Текст книги "Хранители Кодекса Люцифера"
Автор книги: Рихард Дюбель
Жанр:
Историческая проза
сообщить о нарушении
Текущая страница: 26 (всего у книги 52 страниц)
17
Филиппо провел несколько дней во дворце Лобковичей, Но не видел никого, кроме слуги, который приносил ему еду. Он должен был бы испытывать сомнения по поводу правильности своего поступка, но в действительности его переполняла горячая уверенность. Он не мог объяснить, из-за чего это происходит. Возможно, таким образом душа сообщала ему, что он уже почти достиг осуществления своих желаний.
Наконец в маленькое помещение, в котором пребывал Филиппо, вошел какой-то мужчина с толстым свертком под мышкой. На нем был дорожный плащ, покрытый чем-то вроде желтой грязи, которая только наполовину высохла. Мужчина кивнул ему и спросил:
– Вы умеете ездить верхом, ваше преподобие?
Филиппо пожал плечами. Мужчина бросил ему сверток. В него был завернут еще один дорожный плащ из тяжелой ткани.
От попутчика Филиппо сильно несло лошадьми, потом и долгой поездкой. Филиппо предположил, что он не очень долго отдыхал, прежде чем посетил его и настойчиво попросил присоединиться к нему.

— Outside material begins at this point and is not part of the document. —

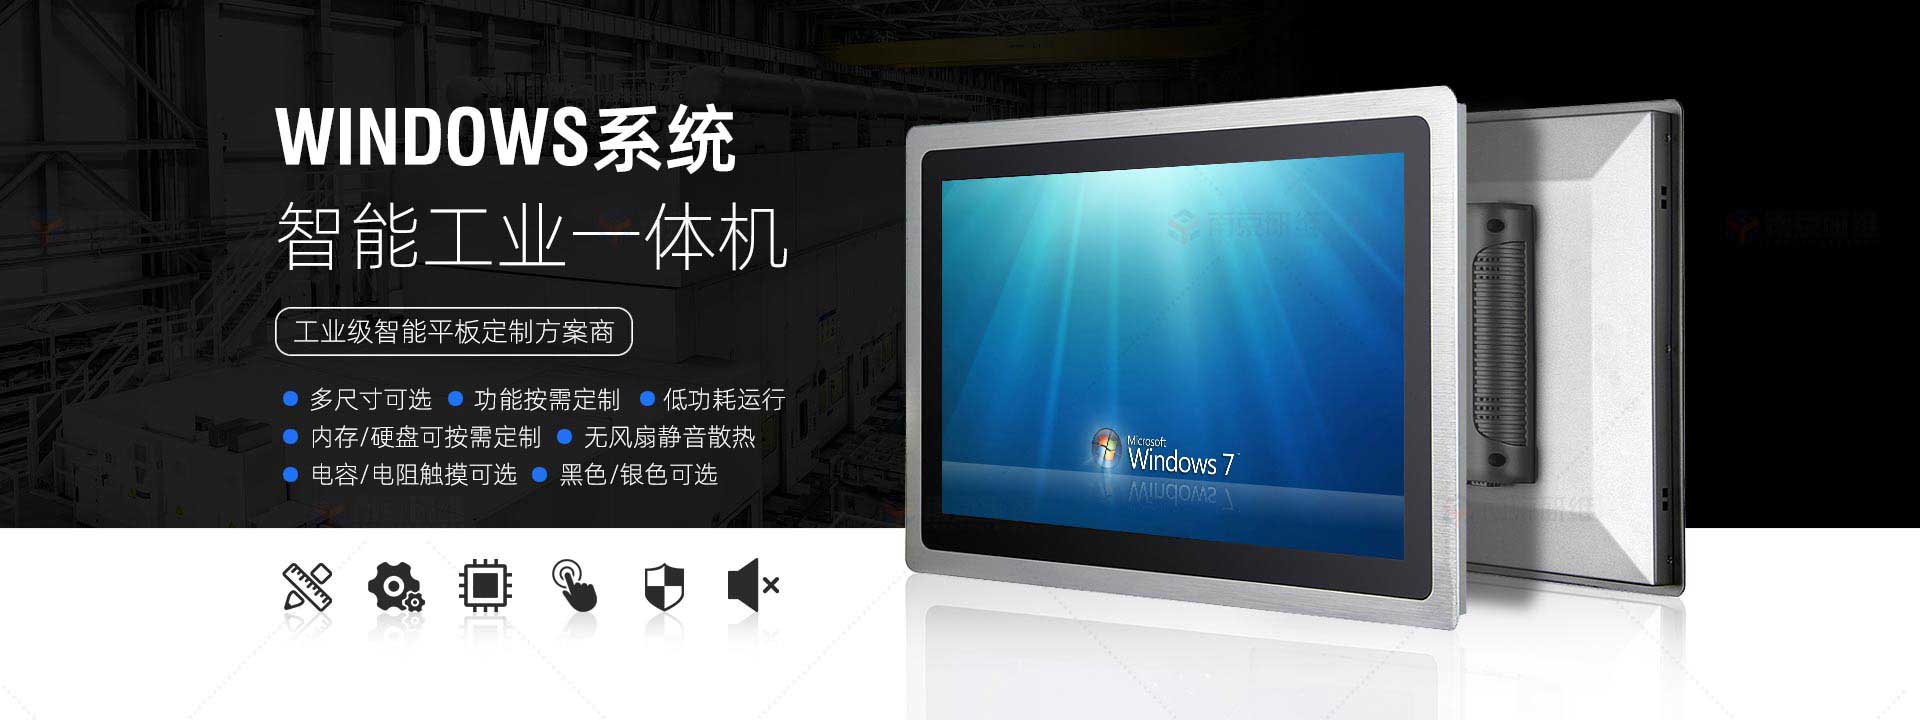 windows系統工業一體機平板電腦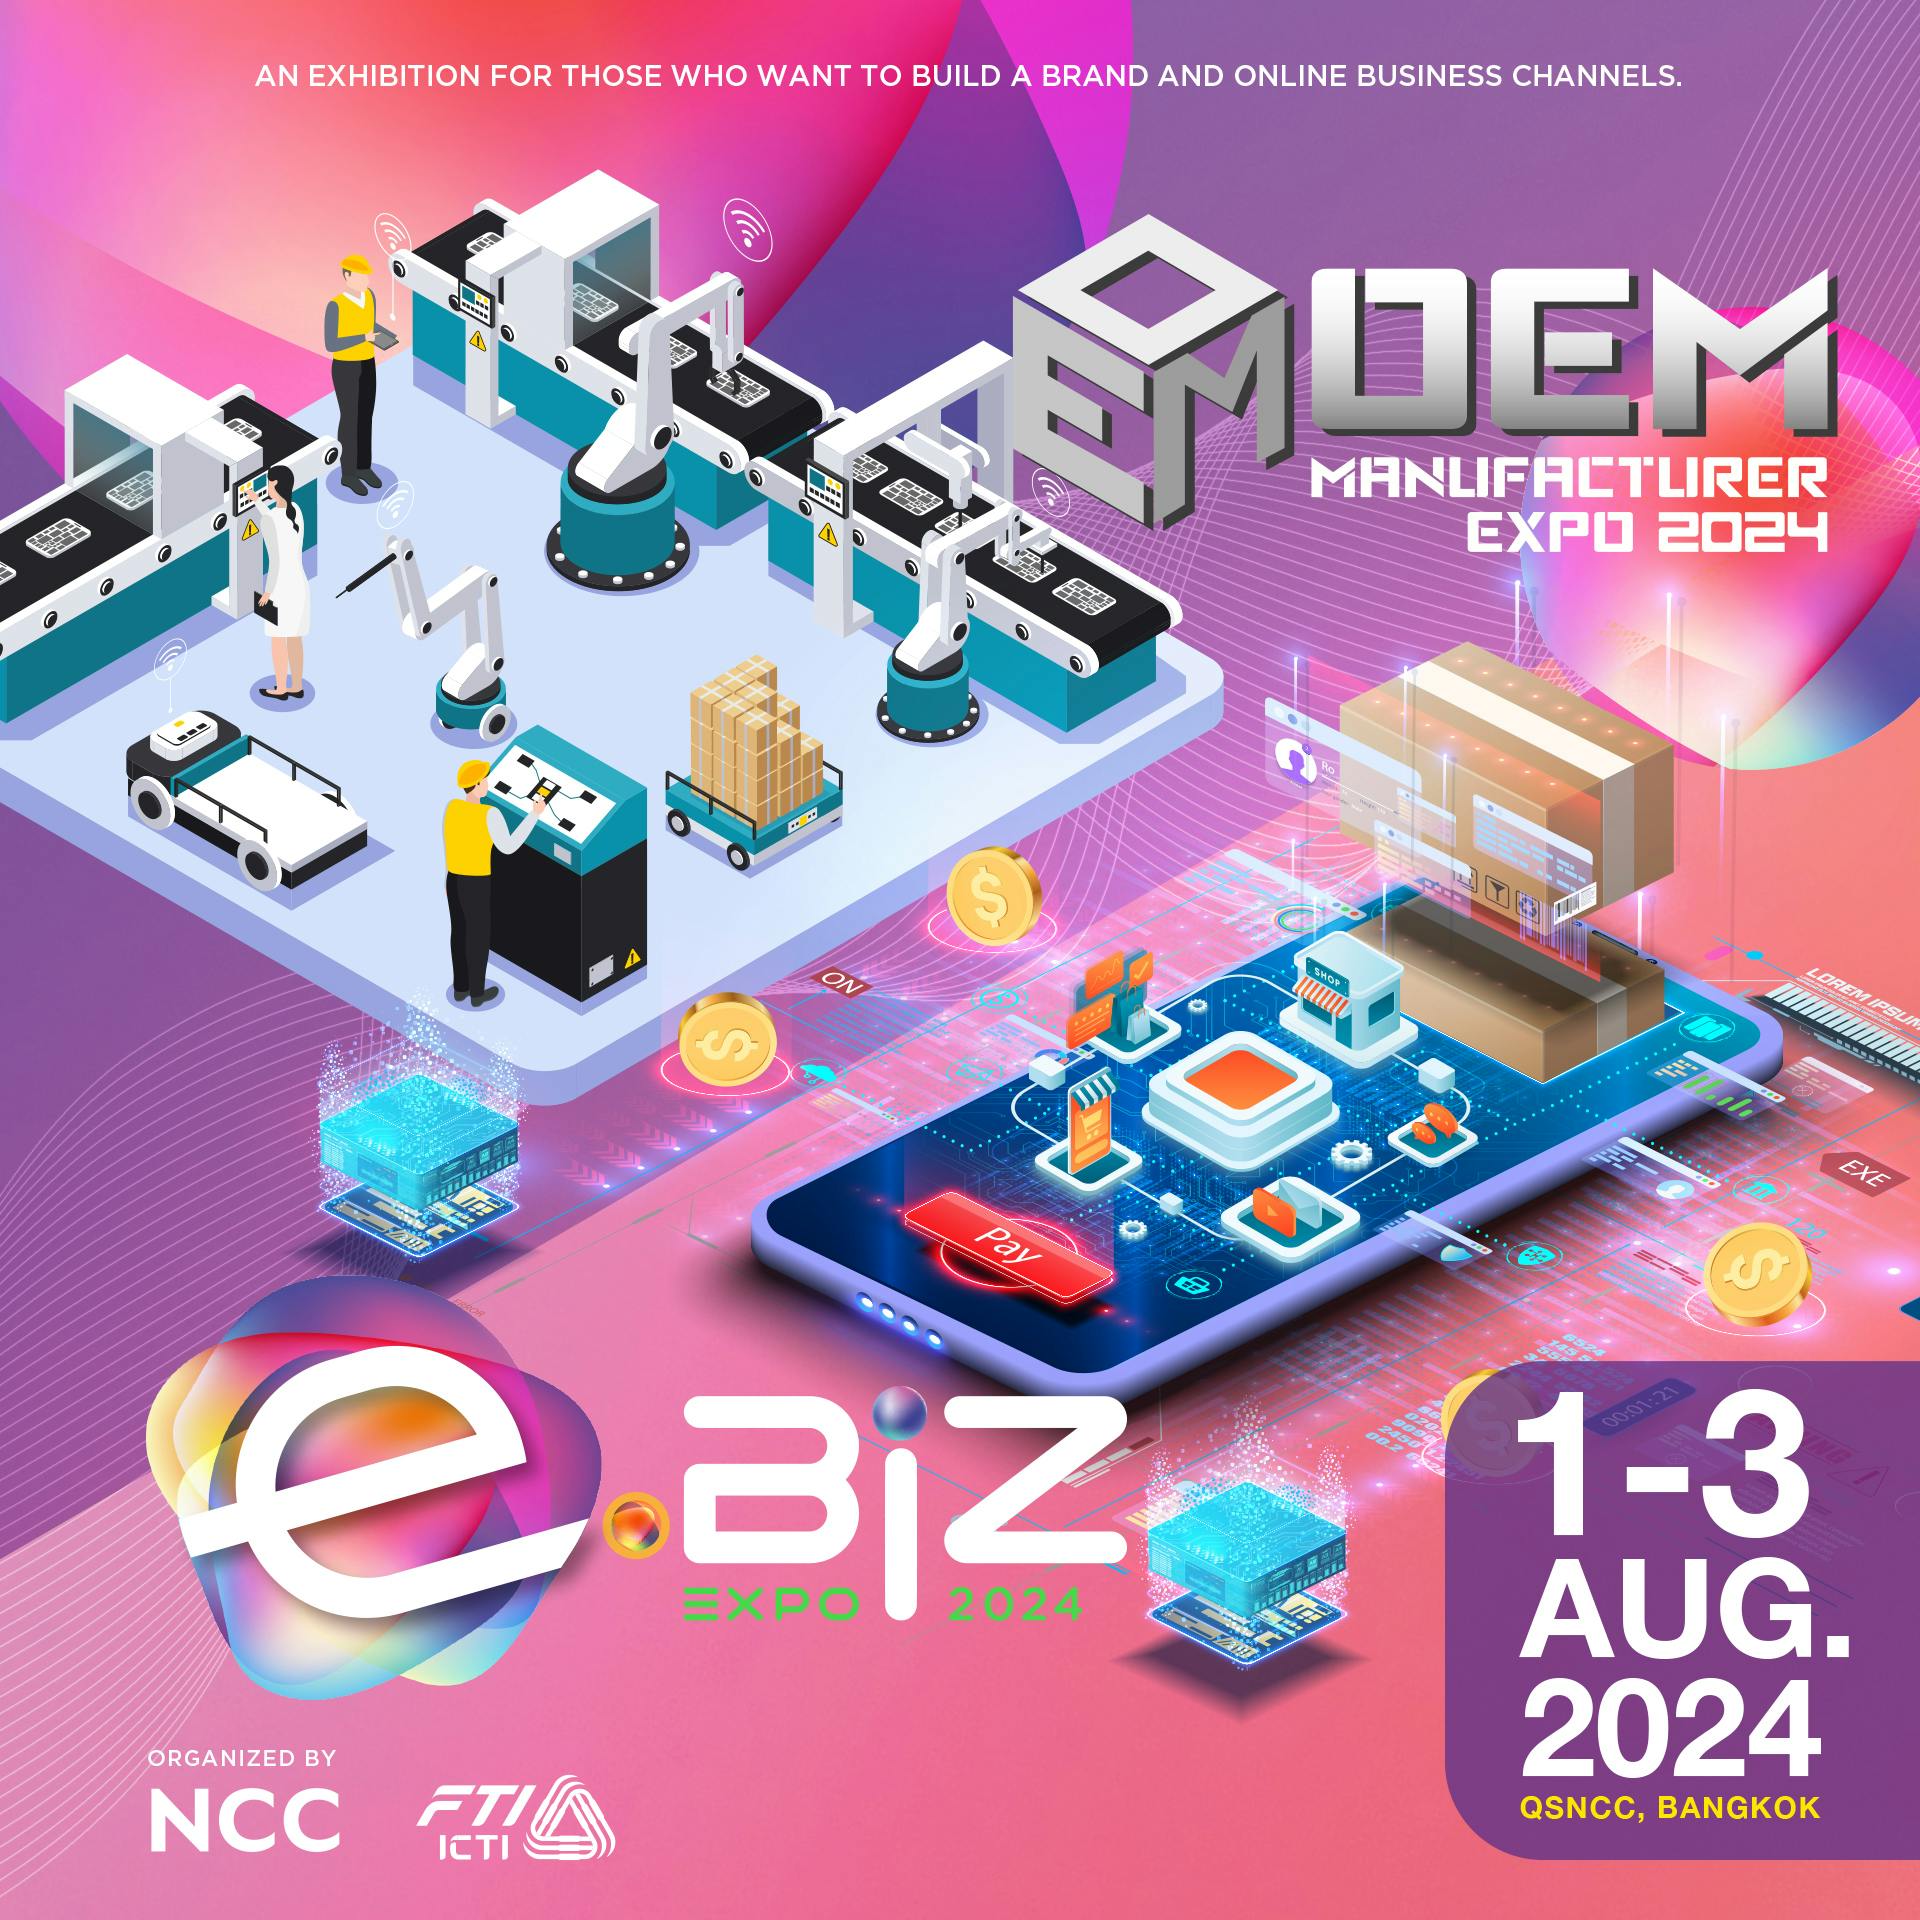 OEM Manufacturer & e-Biz Expo

Позже, когда они уже добрались до того места, где была желтая грязь, Филиппо подсчитал в уме время, затраченное на поездку. Оказалось, что мужчина вообще не отдыхал. Он прибыл в Прагу, отправился во дворец Лобковичей и сразу же пустился вместе с ним в обратный путь. Обе лошади выглядели такими же неухоженными и грязными, как и всадник. Мужчина ехал на них обеих попеременно и, вероятно, отдыхал только ночью, да и то недолго. Если и существовал образец преданности, послушания или просто страха перед более высокой властью, то именно им и был этот крупный, широкоплечий мужчина. Глядя на него, можно было предположить, что он ничего на свете не боится, кроме разве что дьявола, и, скорее всего, именно этот страх и двигал им. Филиппо, признаться, был под впечатлением.
– Куда мы едем?
– В Пернштейн, фамильное поместье моей госпожи.
– Где оно находится?
Последние несколько дней Филиппо использовал для того, чтобы улучшить свое знание богемского наречия. Объяснялся он по-прежнему отнюдь не гладко, и ему все еще приходилось подыскивать многие слова, но, по крайней мере, понимал, о чем говорят вокруг, и то, что он хотел сообщить другим, по большей части было понятно.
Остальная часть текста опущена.